Artículo 14 bis- El trabajo en sus diversas formas gozará de la protección de las leyes, las que asegurarán al trabajador: condiciones dignas y equitativas de labor; jornada limitada; descanso y vacaciones pagados; retribución justa; salario mínimo vital móvil; igual remuneración por igual tarea; participación en las ganancias de las empresas, con control de la producción y colaboración en la dirección; protección contra el despido arbitrario; estabilidad del empleado público; organización sindical libre y democrática reconocida por la simple inscripción en un registro especial.
En julio pasado, en la Comisión de Trabajo y Previsión Social del Senado fue presentado un proyecto de Mariano Recalde (Frente de Todos), para que las empresas participen de sus ganancias a los trabajadores.
Es complicado de entender, pero si se cumpliera la Constitución Nacional, no existiría el proyecto de Recalde, hijo además del histórico abogado laboralista Héctor Pedro Recalde, quien durante años planteó este tema desde su condición de representante legal de la CGT.
Una central obrera que, de acuerdo a lo que trascendió luego de la cena en Olivos con Alberto, sigue sin estar convencida de lo que el Gobierno (o al menos parte del mismo), no quiere habilitar: una suma fija para los salarios.
El argumento de quienes pugnan por esta medida, se basa en que esto elevaría el piso de la discusión paritaria, además de ser una respuesta inmediata al proceso inflacionario que no se detiene.
Desde los que se oponen a una suma fija de incremento, manteniendo el canal paritario abierto, hay un abanico de argumentos. Desde cuestiones presupuestarias o de una cierta idea de no estimular reclamos, como puede leerse el silencio del Gobierno en el caso neumáticos, hasta el propio afán de lucro empresario.
Las partes hablan
«Hacemos un llamado a la sensatez a todos sectores. Es un conflicto que tiene que resolverse porque es un sector importantísimo para la industria y la economía en general», dijo este martes la vocera presidencial Gabriela Cerruti en declaraciones a Radio 10.
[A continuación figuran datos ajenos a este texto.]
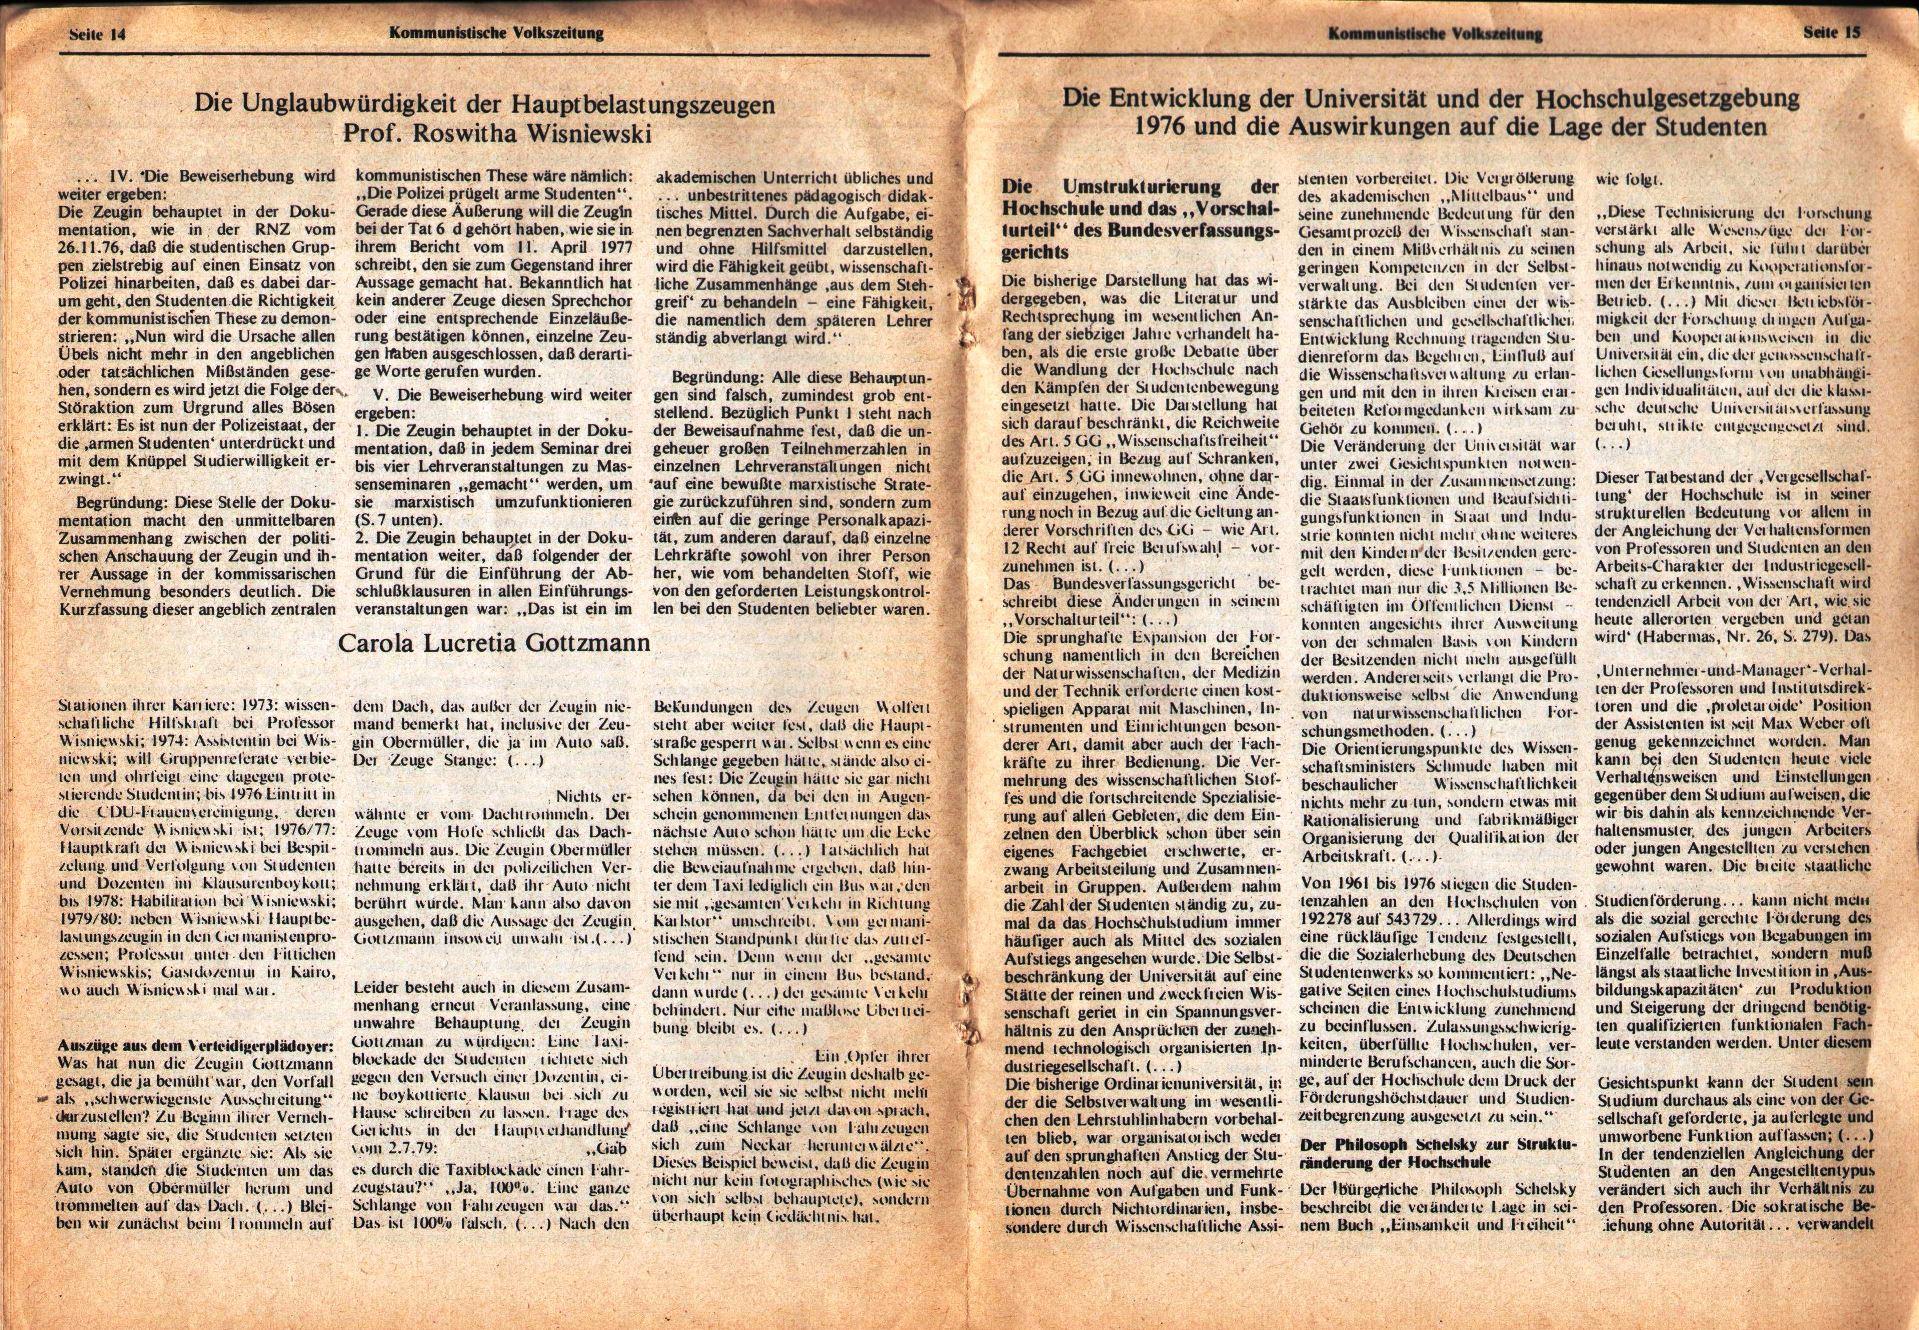 Heidelberg_KHG_1980_Germanistenprozess008

Ahora hay un cuarto intermedio, hasta el miércoles, tras la reunión en la cartera que conduce Claudio Moroni, que juntó a los trabajadores del neumático y las empresas del sector.
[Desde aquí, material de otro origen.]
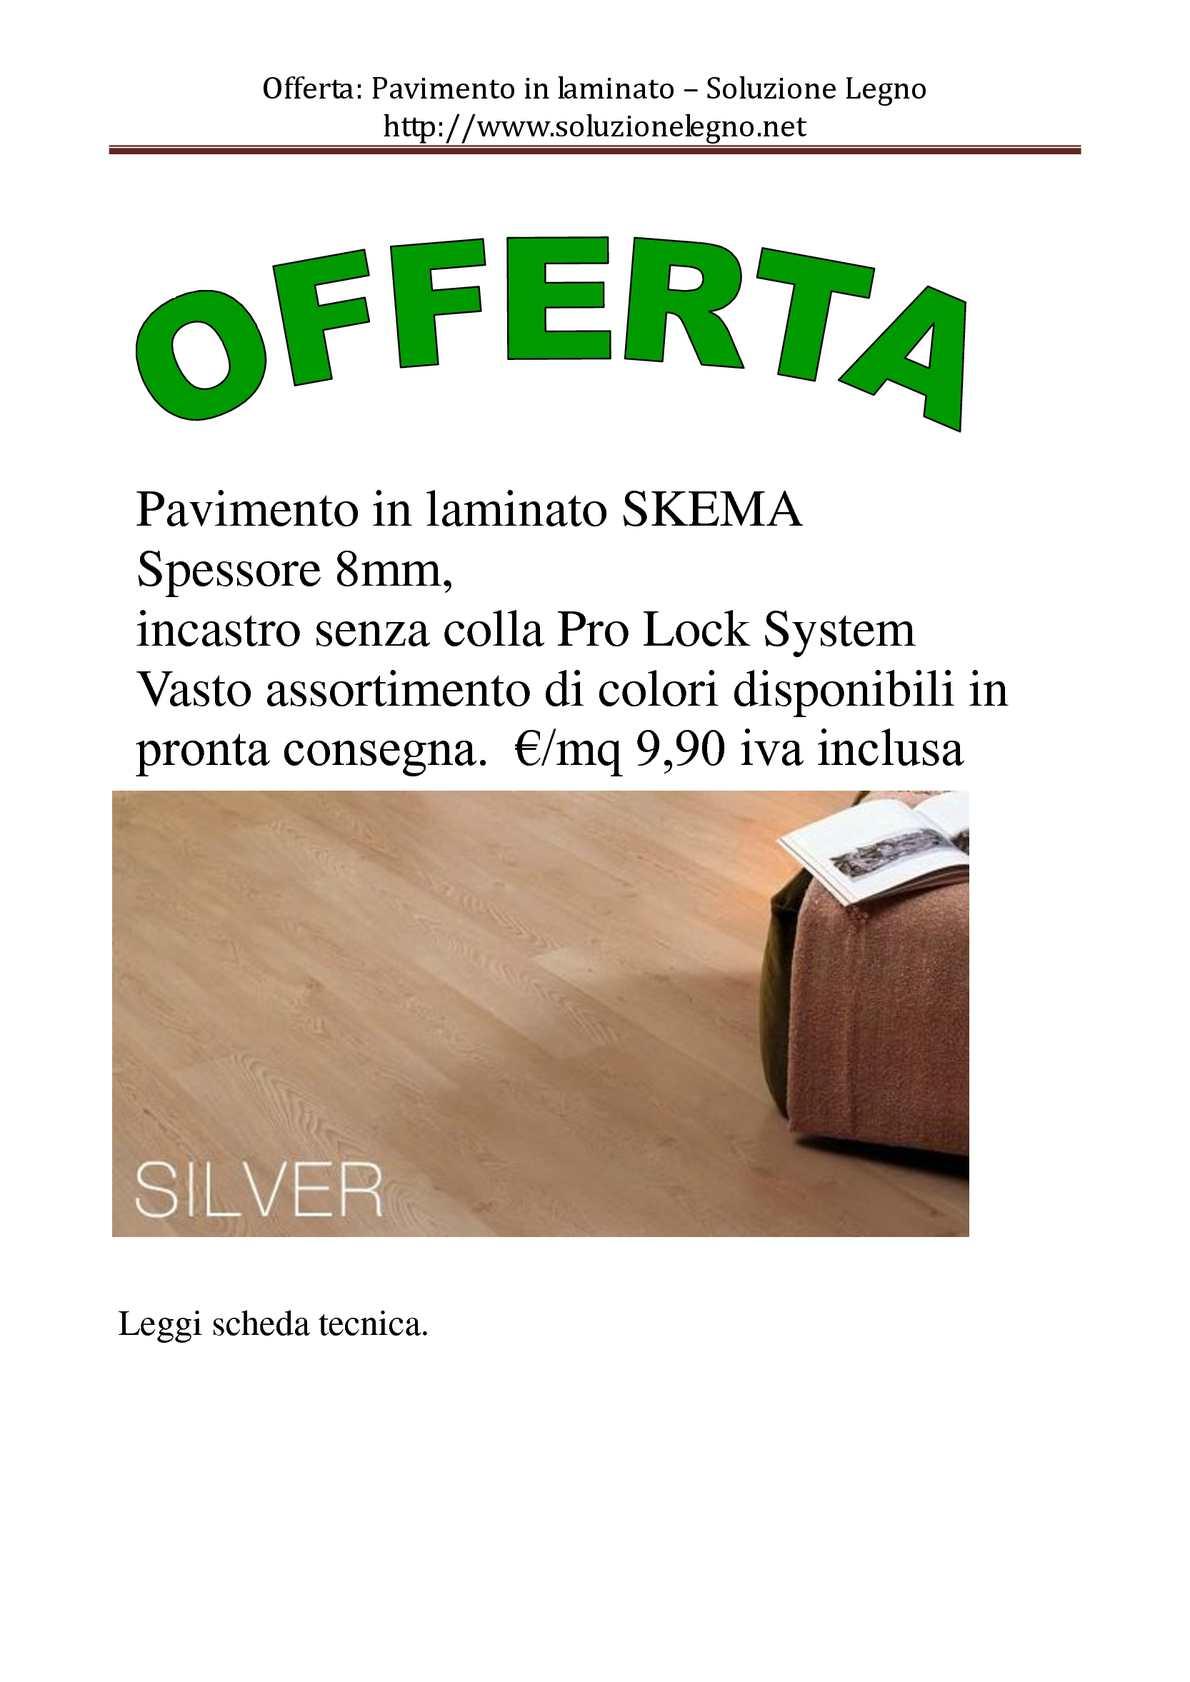 Calaméo - Soluzione Legno: Offerta Laminato (http://www ...

«Estamos pidiendo un aumento salarial mientras que las empresas están en un momento económico muy favorable. Queremos volver a trabajar y estar tranquilos», afirmó el secretario general de Sutna, Alejandro Crespo.
El dirigente también recordó que el reclamo que mantienen comenzó «con acciones medidas» hace más de cuatro meses y sostuvo que el plan de lucha se fue profundizando porque «durante 22 audiencias las empresas tuvieron la misma posición y repitieron la misma propuesta, que no daba aumento de salario real».
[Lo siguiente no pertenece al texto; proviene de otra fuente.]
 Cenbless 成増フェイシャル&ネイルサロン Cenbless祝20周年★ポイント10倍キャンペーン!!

Además, negó que desde el gremio se busque que «las fábricas se vuelvan cooperativas» sino que se han posicionado «dentro de la estructura del movimiento obrero organizado para pelear mejoras frente a las patronales que tienen otros intereses», e incluso han pedido «entrar a la CGT».
En tanto, el secretario de Industria y Desarrollo Productivo, José Ignacio De Mendiguren, señaló que es un tema que «preocupa muchísimo» por el impacto que tiene en la cadena de producción. «Esto está parando a muchas terminales de la industria automotriz, por lo que pasa a ser un tema de toda la cadena», aseguró el funcionario, quien indicó que en el sector tienen «muy buenos salarios promedio, incluso con cláusulas de participación de los trabajadores en las utilidades de su compañía».
De Mendiguren resaltó que el automotor es un sector «que está funcionando muy bien en el último tiempo, con un crecimiento récord en exportaciones de automóviles, que registró una suba del 40% respecto al año anterior», por lo que expresó su preocupación por el impacto del conflicto.
Además, a eso se suma la decisión adoptada en los últimos días por las tres principales compañías de suspender temporariamente la producción en el país.
El fin de semana lo expresaron en comunicados, lo que no hizo más que seguir caldeando los ánimos de un conflicto que tiene todos los componentes para convertirse en un caso testigo de la Argentina perinola.